FDA Added Sugar Labeling Policy Scenarios
We modeled 2 scenarios including (1) implementation of the FDA added sugar label on all packaged foods and beverages with no change in industry formulations (sugar label), and (2) implementation of the added sugar label plus further accounting for corresponding industry reformulation (sugar label+reformulation). We compared these 2 scenarios with a counterfactual usual-care base-case scenario. In all scenarios, we assumed that the recently observed declining trends in added sugar consumption, particularly from SSBs, would continue in the future, providing a conservative estimate of the additional impact of sugar labeling.
Simulated US Population
To generate a US representative synthetic population of adults aged 30 to 84 years at baseline, the model used demographic information, body mass index (BMI) data, and added sugar intakes from the 2 most recent NHANES cycles (2011–2014).17 Demographic information included age, sex, race/ethnicity (race), income, and education.
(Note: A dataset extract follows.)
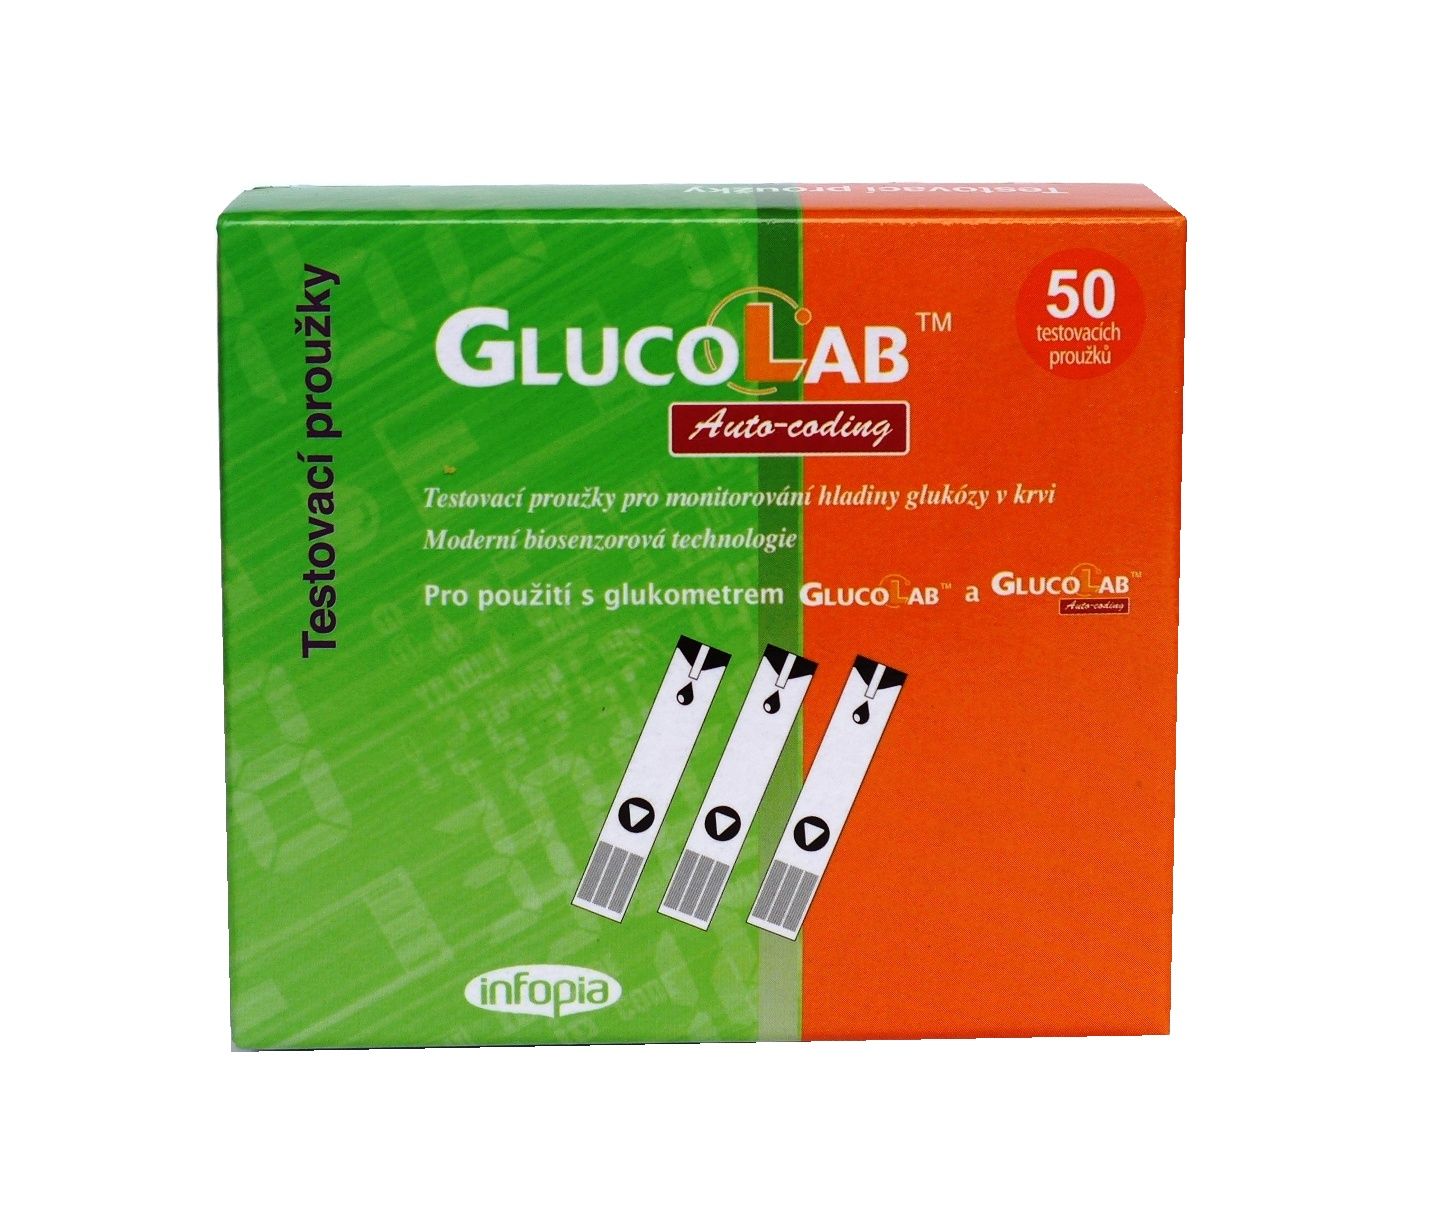 Glucolab Testovací proužky pro glukometr GlucoLab 50 ks Glucolab

Dietary intake included added sugar from SSBs and other foods, estimated based on two 24-hour dietary recalls per person as previously described (further details on dietary intakes are available in Text I in the online-only Data Supplement).4,18 Population size by age, sex, and race and future population projections were derived from the Centers for Disease Control and Prevention Wonder Database (2014). To first create a static synthetic population, the model drew the traits of the synthetic individuals from conditional distributions that were estimated from multinomial models fitted in the NHANES data. The statistical framework of this method and its extension to epidemiological modeling have been described.19,20 The model further projected recent trends in BMI and added sugar intake (from SSBs and other foods), as observed from NHANES 2003 to 2014, to evolve the traits of the model population individuals over time to create a dynamic synthetic population. For these projections we fitted generalized linear models to NHANES data by using inverse-probability weighting and design-based standard errors to account for the complex survey design and methods. A detailed description of the method and validation can be found in Text I in the online-only Data Supplement.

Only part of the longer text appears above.